Wanneer we om de interdoktervariatie te verminderen, een afkappunt voor het vaststellen van een abnormaliteit erg hoog stellen, zorgt dit wel voor een verminderde gevoeligheid van een bepaalde test. Er is nog geen samenhang gevonden tussen interdoktervariatie en een verschil in kwaliteit van de zorg. Interdoktervariatie is wel ongewenst wanneer dit ontstaat doordat het handelen volgens het huidig wetenschappelijk handelen niet optimaal is. Richtlijnen, standaarden en protocollen proberen er voor te zorgen dat er minder interdoktervariatie blijft bestaan.

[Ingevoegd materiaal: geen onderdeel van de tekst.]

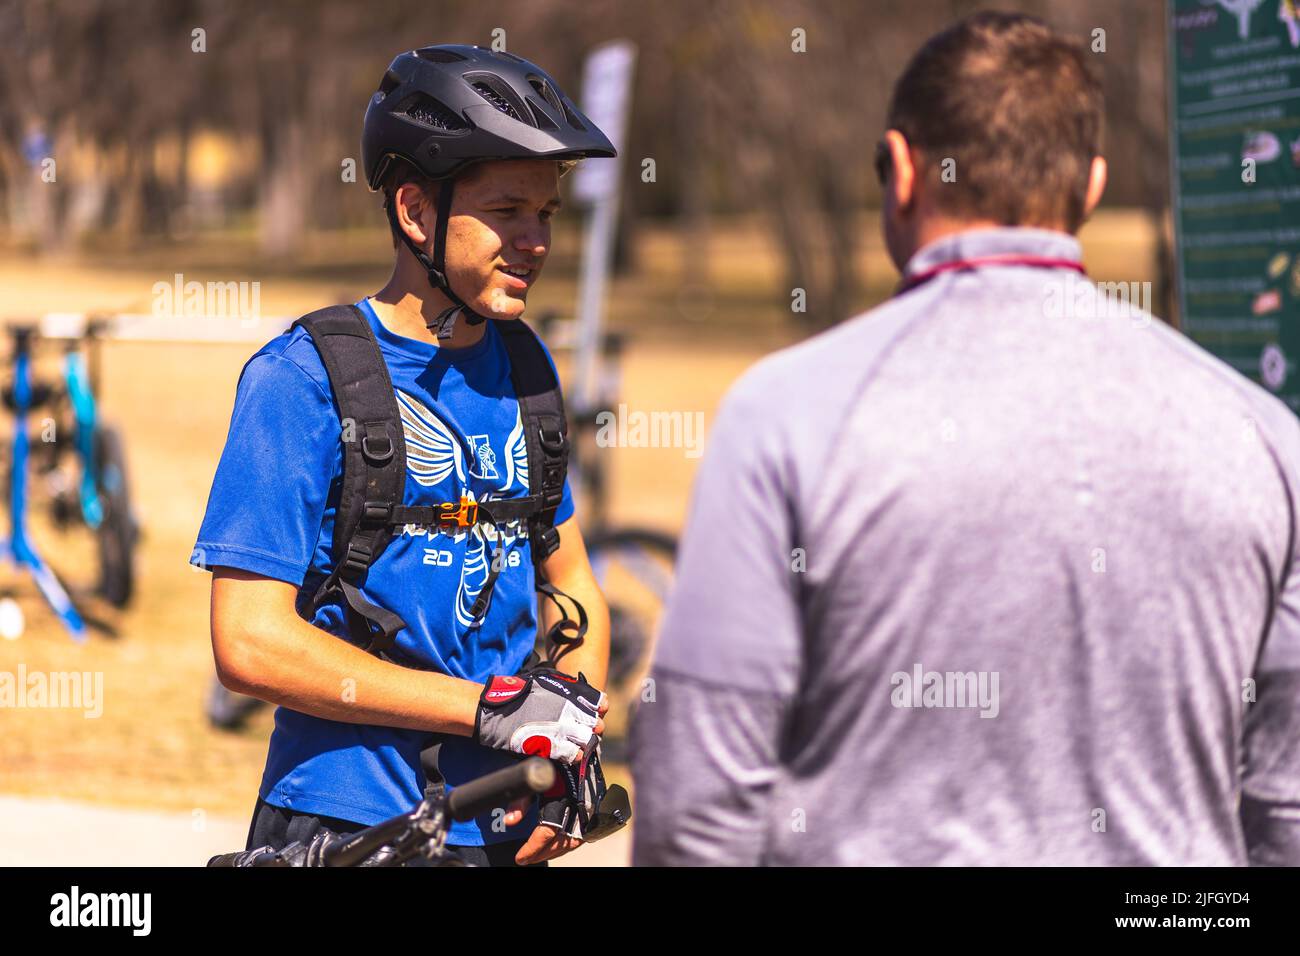 A Caucasian man getting ready to ride a bike in a race held in the DFW metroplex in Texas Stock Photo

Voordat je een diagnose met een patiënt gaat bespreken moet je bedenken wat de verwachtingen en de gedachten van de patiënt zelf over de klacht heeft. De informatie die je gaat geven moet hierop aangesloten worden. Tijdens en na het mededelen van een diagnose moet de patiënt voldoende tijd krijgen om de informatie te verwerken. Hierna moet begonnen worden met het uitleggen wat de diagnose voor de patiënt betekend. De uitleg moet gedoseerd zijn en moet aangepast zijn aan het niveau van de patiënt zodat alle informatie goed aankomt. Hierbij kun je ook de verklarende methode gebruiken dat bestaat uit een begripsomschrijving, uitleg over de werking of bouw van een verschijnsel, en een uitleg over wat de oorzaak van de verandering bij de patiënt is.
Het goed voeren van een eerste gesprek is een basis voor de verdere hulpverlening. Hierbij moet gelet worden op de volgende punten:
Vertel de diagnose duidelijk aan het begin van het gesprek.
Stel de situatie niet rooskleuriger voor dan hij is.
Geef ruimte voor emoties.
Geef niet te veel praktische informatie.
Maak vervolgafspraken.
Zorg voor voldoende privacy en tijd.
Betrek de naaste(n) van de patiënt bij het gesprek.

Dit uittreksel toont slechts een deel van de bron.